Sweetbriar Update: Seattle Plots "Necessary" Revenge

Herring House Village
Herring House, Duwamish River / sketch by Brenda Wilbee

During this time, Seattle moved between residences on Elliott Bay and at Old Man House, where Angeline [Kick-i-som-lo] said he hunted elk with bow and arrow....

- David M. Buerge in
 Chief Seattle and the Town That Took His Name

IN THE MOON OF SWAN MIGRATION, a full decade before the Borens and Dennys took the Indian trail to Oregon, destination unknown, fifty-five-year-old Chief Seattle went to visit his second wife at her village near the Duwamish River mouth.

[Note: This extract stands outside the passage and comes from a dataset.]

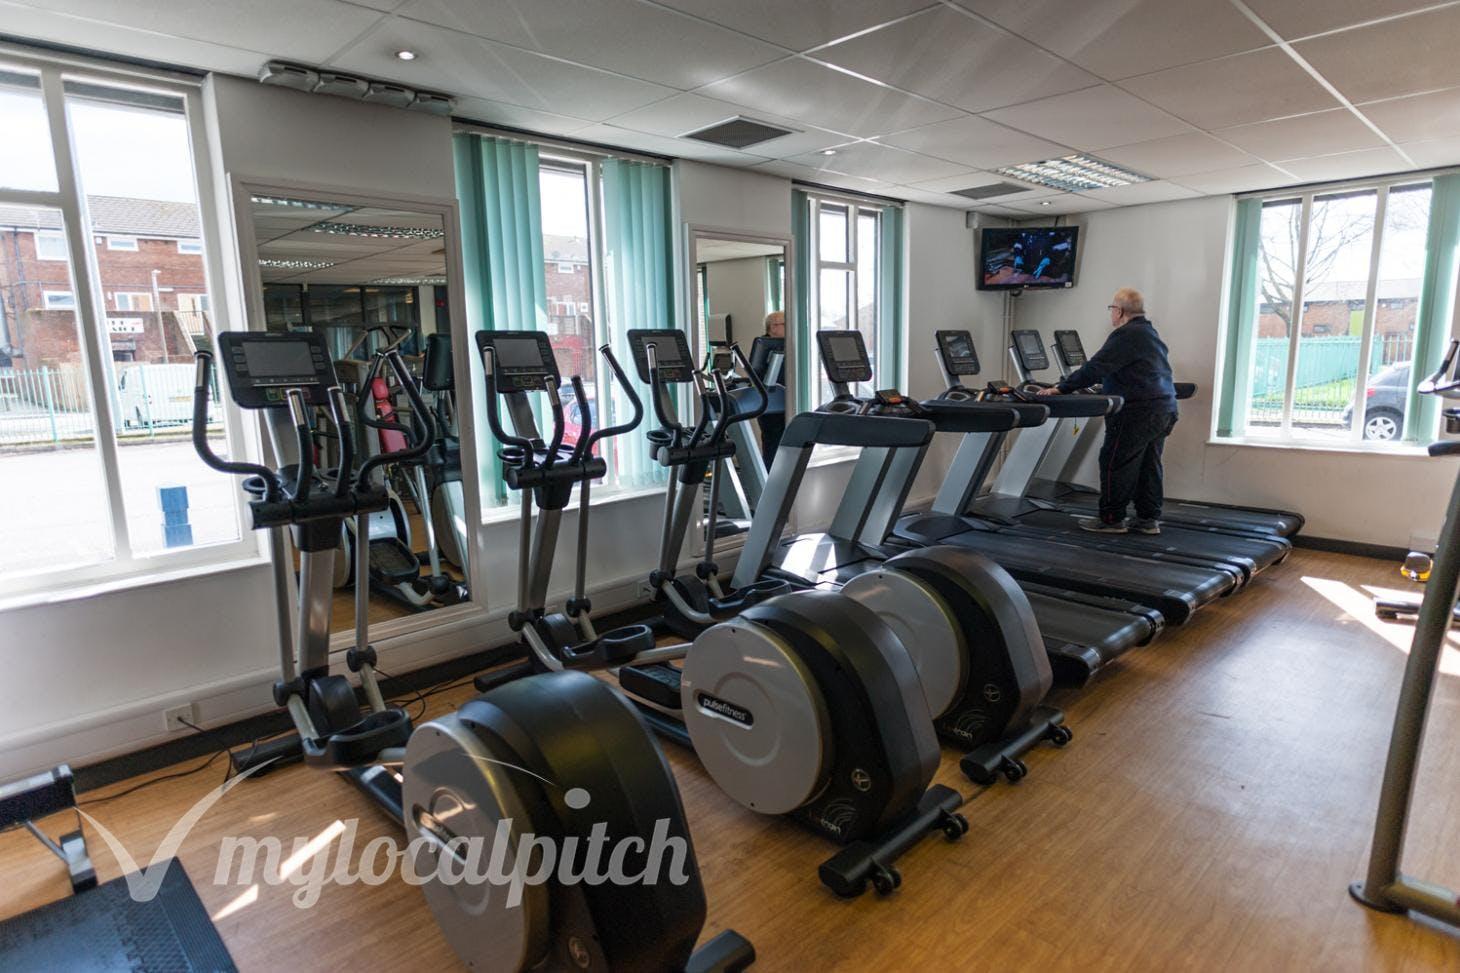 Clarendon Leisure Centre Gym gym
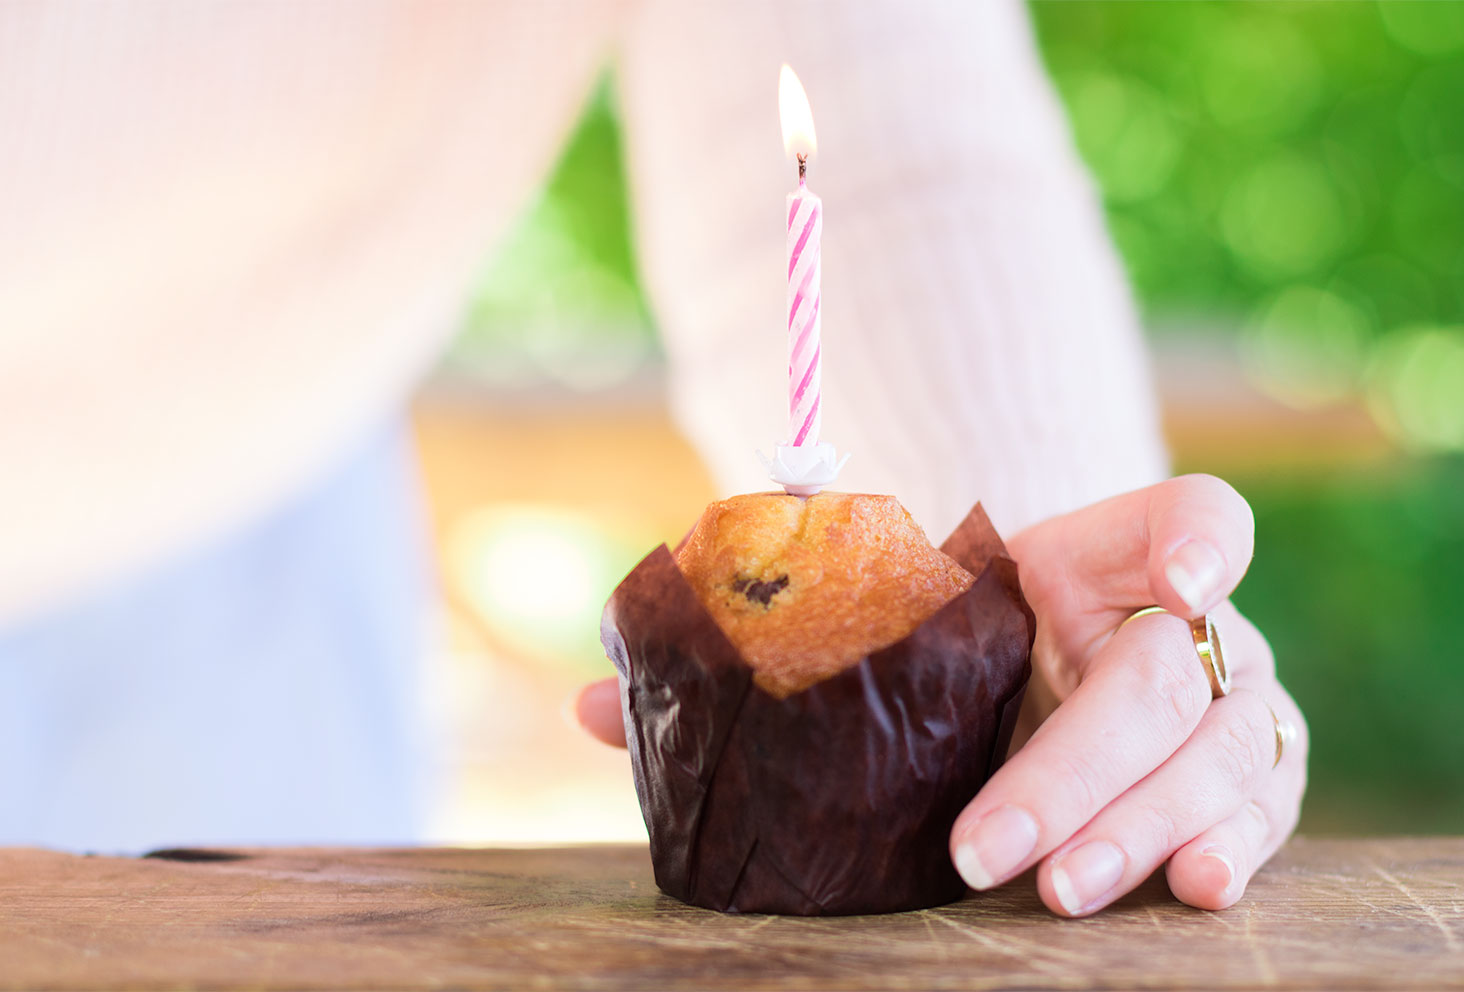 La bougie rose allumée sur le muffin chocolat et noisettes pour les 26 ans

He wanted to take their mid-grown sons hunting; his intention to find an elk for Kick-i-som-lo, his twenty-one-year-old daughter who lived with her two little girls at Old Man House, his primary residence. That he was devoted to his eldest went without saying. Today, in preparation for the hunt with his boys, however, he sat on the floor of the long communal deck of Herring House village, legs swinging off the edge, double-checking his arrowheads. He preferred bow and arrow over the Hudson’s Bay Company’s muzzle-loading rifle. Faster to load and silent.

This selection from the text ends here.